Common problem · Buda, Kyle & San Marcos

Why does my water smell like rotten eggs?

That sulfur smell is almost always hydrogen sulfide gas, and the fix depends on where it's forming. If only hot water smells, it's usually your water heater's anode rod. If it's one sink, it's likely the drain. If it's all water, it's the supply. A five-minute test tells you which.

Three sources, three fixes

Hydrogen sulfide is the classic rotten-egg gas, and it can enter the picture in three places. In the water heater, the factory anode rod (a sacrificial metal rod that protects the tank) can react with sulfates in our water and generate the smell, which is why so many cases are hot-water-only.

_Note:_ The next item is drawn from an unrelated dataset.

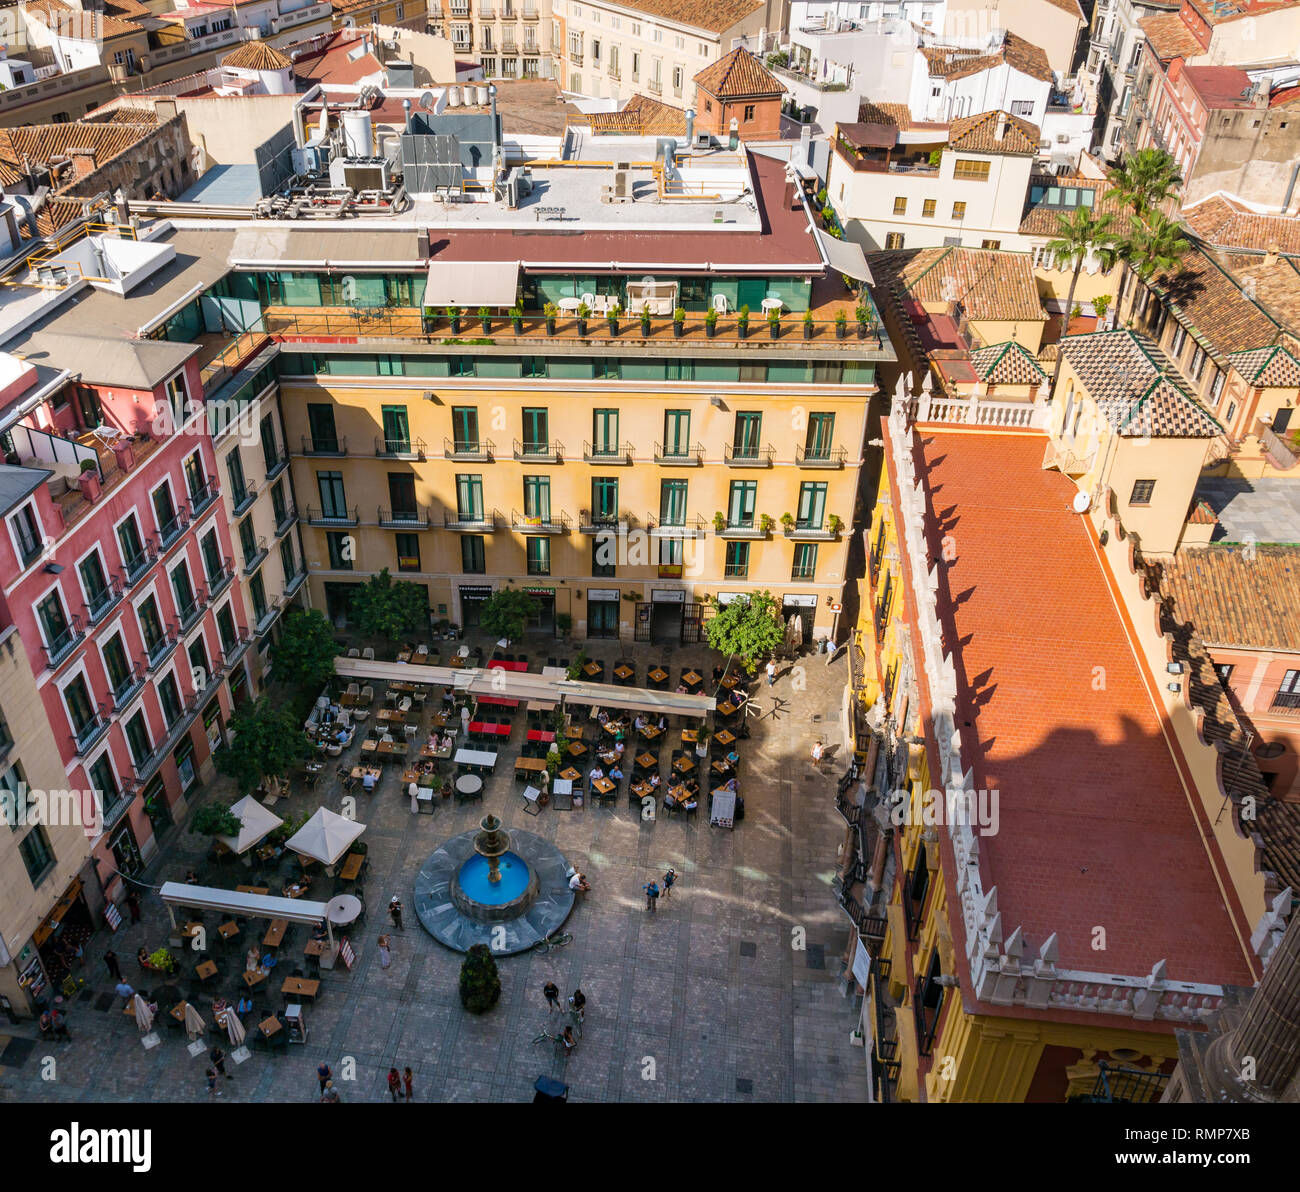 Ansicht von oben von alten Häusern, engen Gassen und Cafe Tabellen in Plaza Obispo mit bischöflicher Palast, die Altstadt von Malaga, Andalusien, Spanien Stockfoto

In a single sink, the smell usually isn't the water at all. It's biofilm in the drain releasing odor when water hits it. And when every tap smells, hot and cold, the gas is arriving with the supply, which is common on private wells and rare on city water around here.

Try this first

The honest, cheap stuff

Before anyone sells you equipment, locate the source. It takes five minutes and often the fix is cheap.

The glass test

Fill a glass at the suspect tap and walk to another room before smelling it. If the glass is fine, the smell is the drain, not the water. A drain brush and enzyme cleaner beat a filtration system by a few thousand dollars.

Compare hot against cold

Run cold only, then hot only, and smell each. Hot-only smell points at the water heater's anode rod. Swapping it for an aluminum-zinc rod is a routine plumbing job and usually ends it.

Flush a neglected heater

A heater that's sat unused, like in a rental or after a vacation, can grow sulfur bacteria. Flushing the tank and running it hot often clears that case.

Check every tap

If hot and cold both smell at every fixture, note it. That's the one case where the supply itself is carrying the gas, and it's the case worth testing properly.

The lasting fix

When the supply itself is the problem

If the smell arrives with the water at every tap, the answer is filtration with media matched to the level of hydrogen sulfide in the water. Sizing that correctly starts with measuring it, which is part of what we test.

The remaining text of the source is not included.